9.14.2005

Strange Sympathy

I’ll admit that for an avowed technophile, I’m coming in pretty late to the podcasting phenomenon. To be honest, about the only podcast I ever went to the trouble to download prior to the iTunes podcasting update was Ron Moore’s Battlestar Galactica commentary podcast. And even there, I wasn’t using a real podcast aggregator, but just copying down the raw MP3 files.

But once iTunes got into the game, I gave it a whirl. There were a lot of podcasts I tried once, and then forgot. Others were nice-to-hears, but not need-to-hears. But one podcast really captured my fancy: Skepticality. It was news from a skeptical point of view without being overtly hostile to faith, religion, and the like (some of the interviewed guests may have been a little more so, but they were balanced by guests with an opposing inclination).

I downloaded all of the old programs and started listening to them during my commutes.

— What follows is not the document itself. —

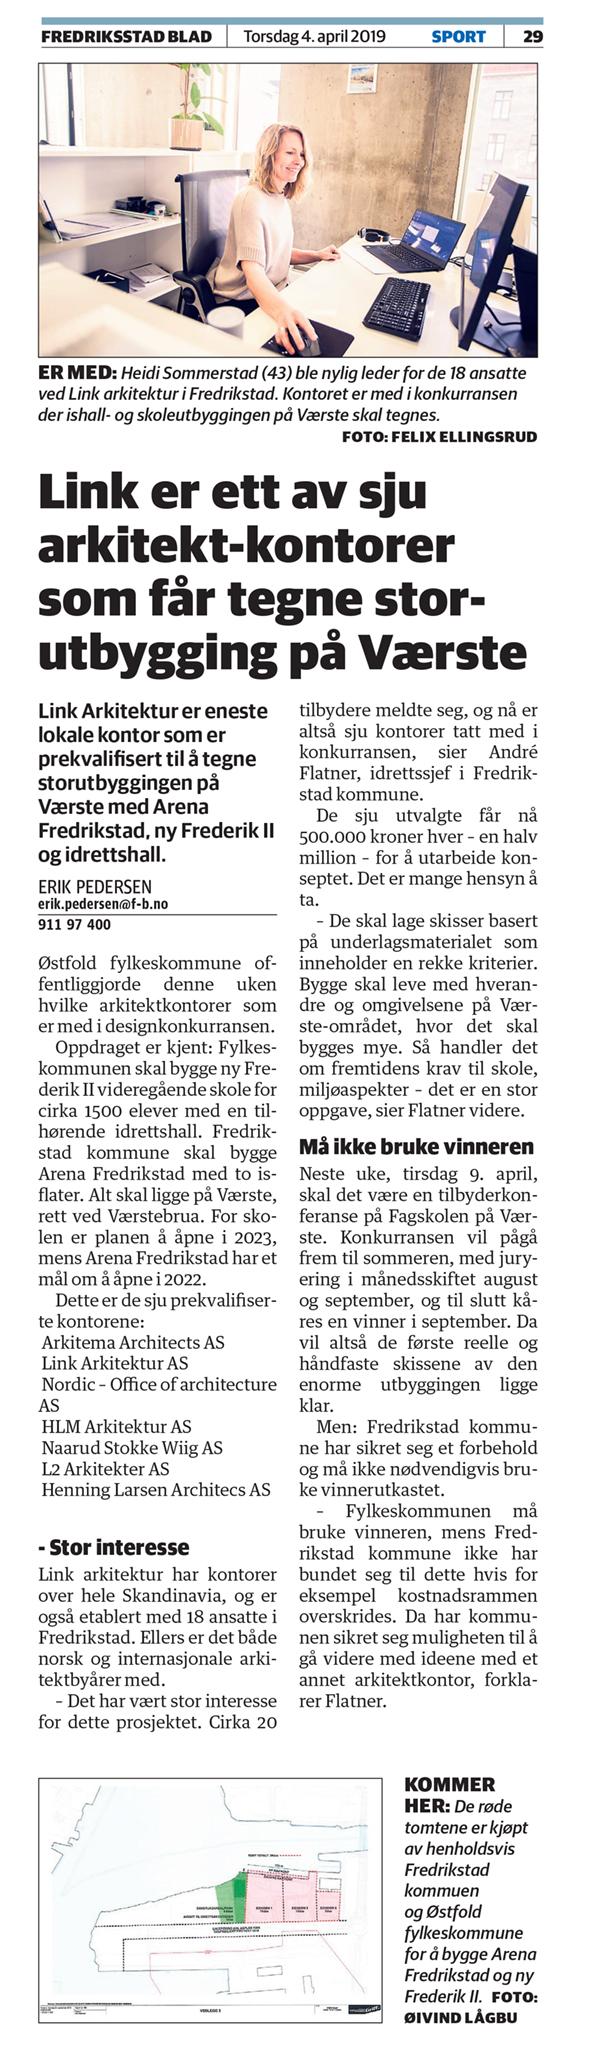 2019-04-05-FB,-Link-er-ett-av-sju-arktiekt-kontorer-som-får-tegne-storutbyggingen-på-Værste.jpg

While it had certainly come to my attention because of its popularity, I didn’t feel that it was in any way designed for popular consumption. In fact, I’d argue that the target audience for the podcast is fairly limited. But however one might choose to analyze it, in the space of just a couple of short weeks, I was hooked. I had never met the show’s hosts, Derek and Swoopy — hell, I hadn’t even registered on their bulletin board — but I instinctively felt like we’d get along great. Oh, we’d argue, no doubt (particularly about politics), but on the whole, no worries.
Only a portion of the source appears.